Embora a adoção de um limite para as despesas públicas seja tema de discussões desde 2019, o presidente do TJ, desembargador Voltaire de Lima Moraes, reclamou que o governo só avisou sobre o envio do projeto de lei à Assembleia um dia antes do protocolo formal do texto.
Já o presidente do TCE, Estilac Xavier, questionou a necessidade de um teto de gastos e colocou em xeque o valor da dívida com a União. Leite respondeu que o assunto já vinha sendo debatido há mais tempo e que a urgência se deve à precária situação jurídica da suspensão da dívida com a União, pendurada numa liminar do Supremo Tribunal Federal desde agosto de 2017. Ao cabo do encontro, o governador colocou os técnicos da Fazenda à disposição das demais instituições para ajudar na discussão de salvaguardas.
Na Assembleia, os debates políticos em torno do tema ainda não começaram. Todavia, as projeções apontam que o governo não deve ter dificuldades em obter os 28 votos necessários para aprovar o PLC. Com vigência de 10 anos, o teto é considerado pelo Piratini o corolário da política de reformas e ajuste fiscal conduzida nos últimos anos.
— O projeto se soma às reformas aprovadas. Colocamos em dia as antigas dívidas de curto prazo junto a servidores e fornecedores, mas é importante manter uma disciplina fiscal para frente. O Estado precisa construir superávit primário sustentável, caso contrário jamais conseguirá pagar a dívida com a União sem comprometer os demais pagamentos. O teto não se dá a cada despesa individual, e sim no conjunto geral do Estado, além de preservar gastos acima da inflação para educação e saúde caso a receita tributária também cresça acima da inflação — sustenta Cardoso.
Para o líder do maior partido de oposição na Assembleia, deputado Pepe Vargas (PT), a adoção do teto prioriza a austeridade fiscal em detrimento do crescimento econômico. Pepe afirma que o Piratini deveria buscar outras medidas, como uma renegociação da dívida como alternativa à adesão ao RRF.

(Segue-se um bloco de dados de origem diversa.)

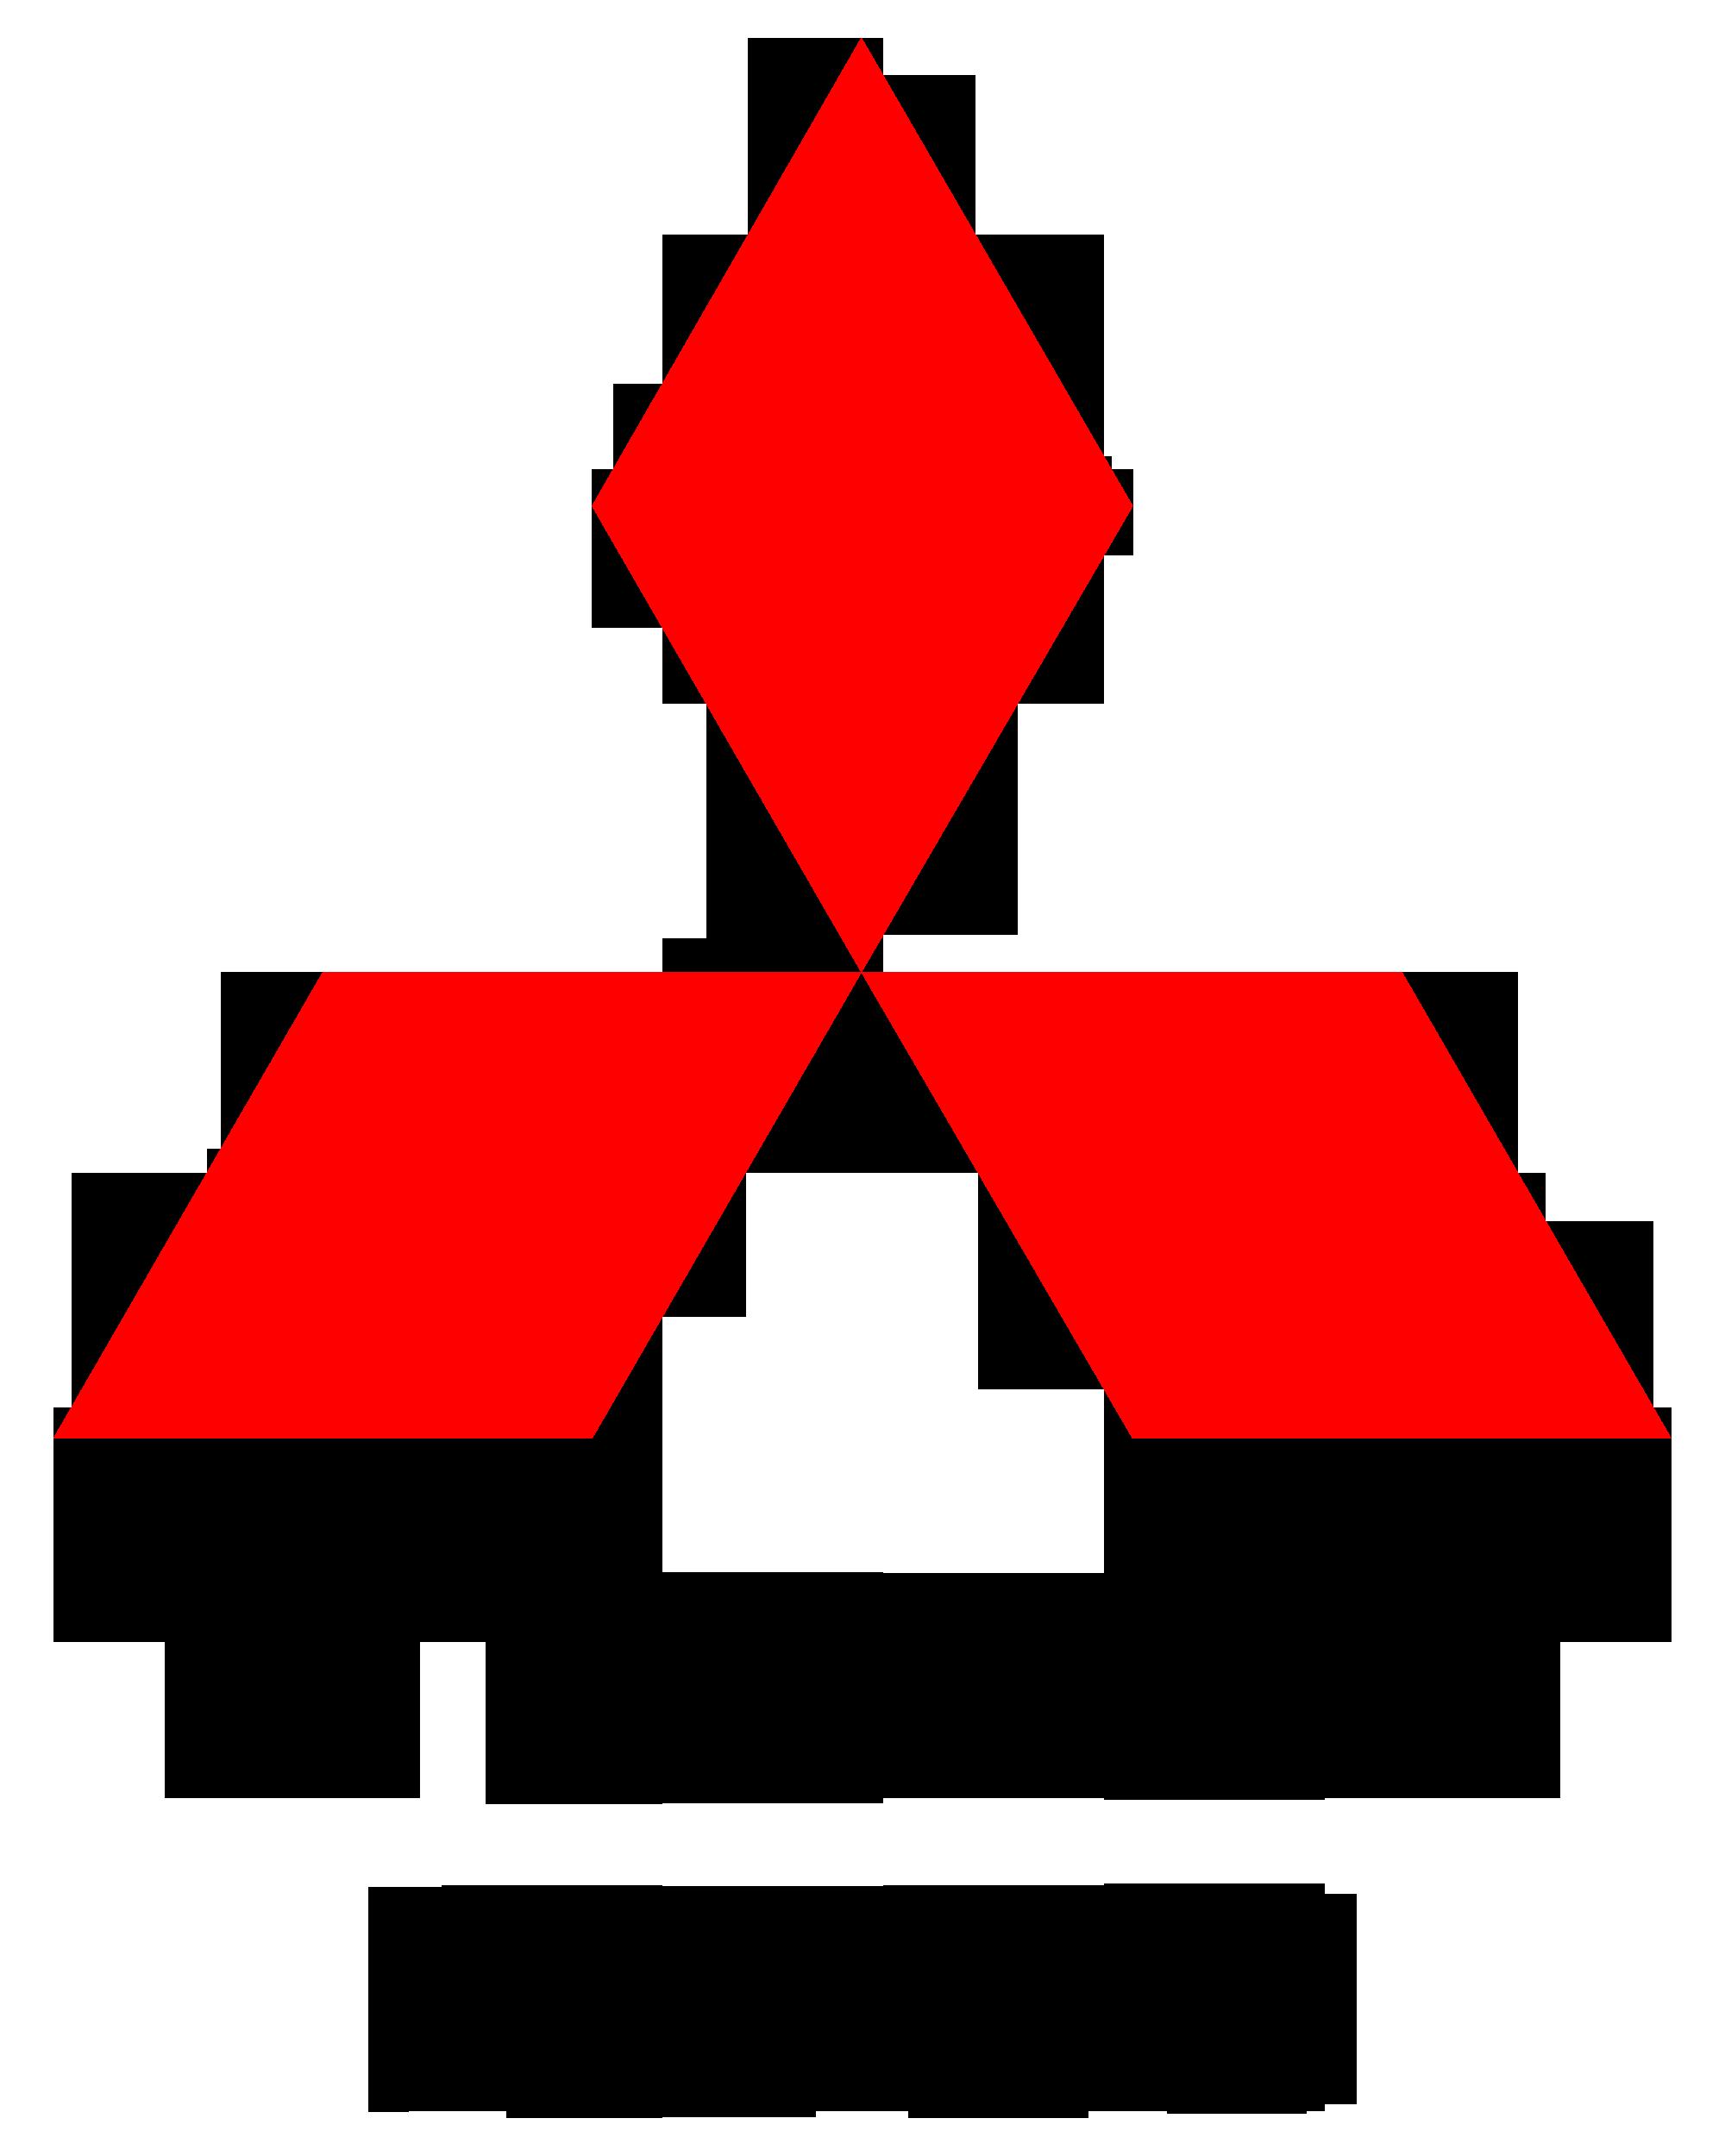 mitsubishi logo ile ilgili görsel sonucu

— Vamos votar contra. Nenhum país mais pratica essa austeridade brutal. Óbvio que precisamos de metas fiscais, mas não se sacrifica investimentos, porque o resultado pode ser inverso. É um mito que não funciona. O Estado deveria abrir um debate federativo sobre a dívida, que era de R$ 9 bilhões, pagamos R$ 37 bilhões e devemos R$ 70 bilhões. A União não pode ter lucro financeiro em cima dos Estados. A adesão ao regime de recuperação fiscal dá uma folga, mas o Estado perde a autonomia. O governador vai ser um capataz aplicando políticas definidas por um comitê — critica Pepe.